Resenha publicada em ” A Tribuna”, de Santos, de forma ligeiramente condensada em 10 de maio de 2008
Poemas e Canções alcança o centenário agora em 2008 como obra difícil de encontrar: para conhecer a produção de Vicente de Carvalho (1866-1924), o leitor comum tem como opção acessível a seleção feita por Cláudio Murilo Leal para a Global, onde, entre versos ligeiros e “graciosos”, metrificados com uma “naturalidade” que, por um lado, pressagia a miraculosa obra de Manuel Bandeira e sua inacreditável simplicidade em meio a uma lírica afeita ao preciosismo lexical e a uma sintaxe arrevezada e, por outro, parece “fácil”, preguiçosa demais, deparamos com os seguintes trechos, pertencentes a De manhã:
“… Ver é o supremo bem.
Surpreendo-me a cismar
Se a alma será, talvez, uma função do olhar…

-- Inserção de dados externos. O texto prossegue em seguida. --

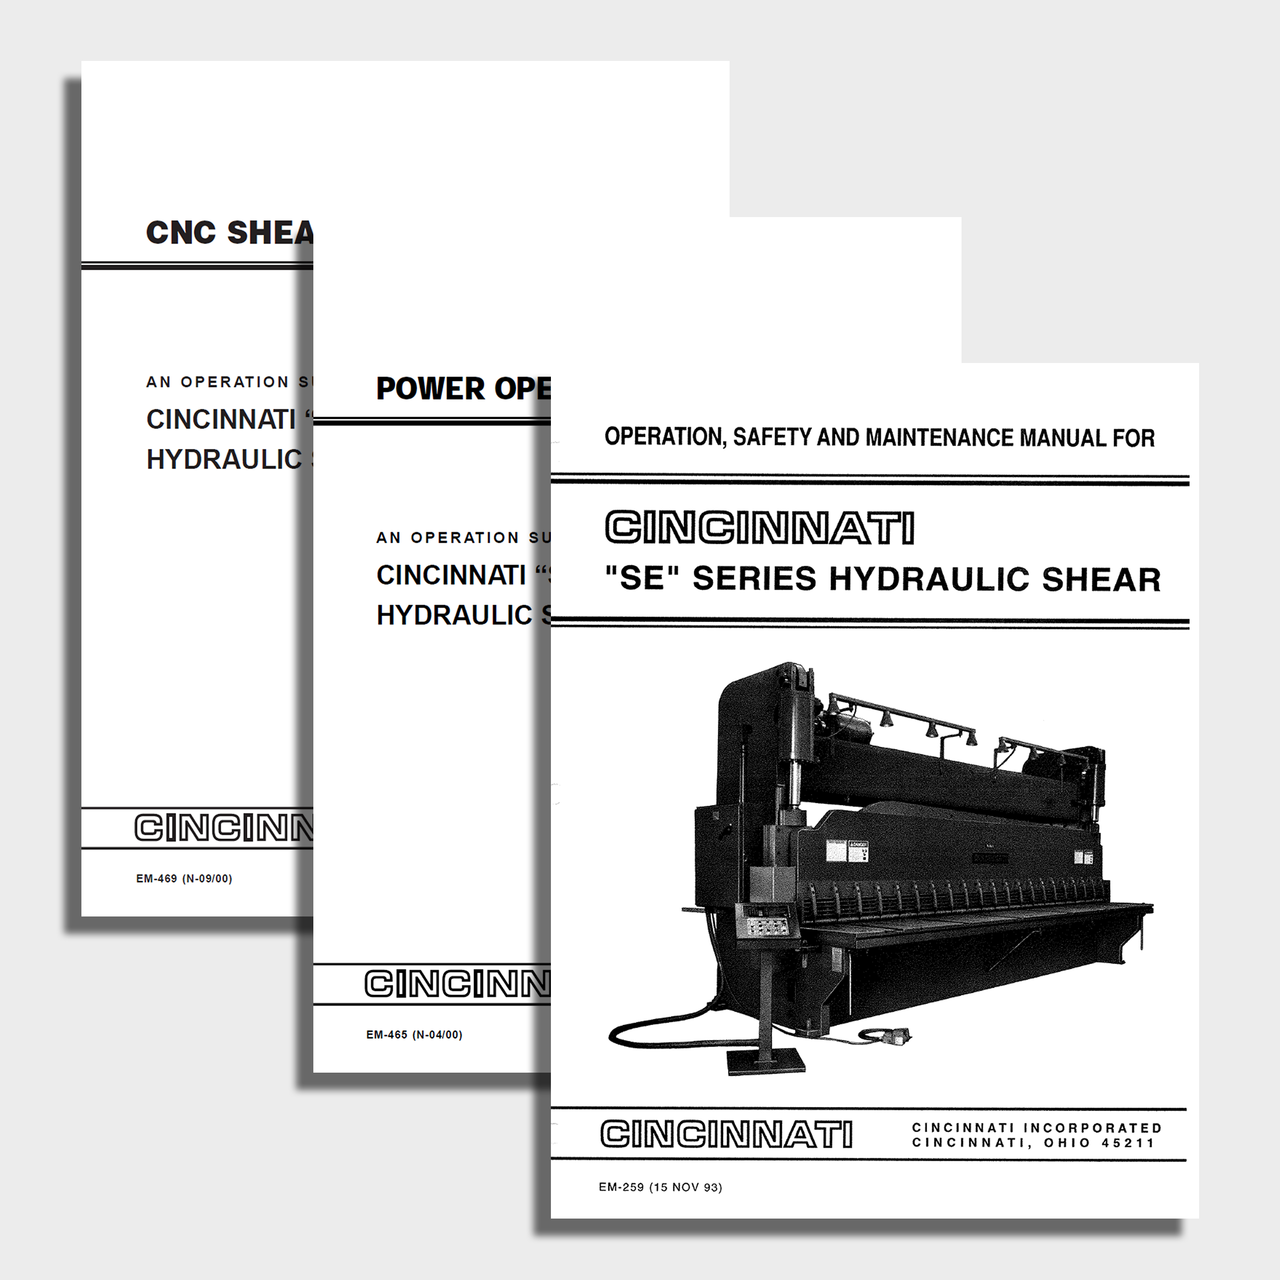 SE Series Hydraulic CNC Shear Manual Bundle

É com os olhos que eu sinto, e compreendo –ou suponho.
//
A vida é para mim como a névoa de um sonho
—Névoa confusa de um sonho material
A que somente o olhar, de certo modo, e mal,
Dá, com as formas e a cor, expressão e sentido…
//
…Sei que um beijo de amante é uma bem doce coisa:
Mas no encanto do beijo esfaimado de amor
Há muito da visão rósea de um lábio em flor.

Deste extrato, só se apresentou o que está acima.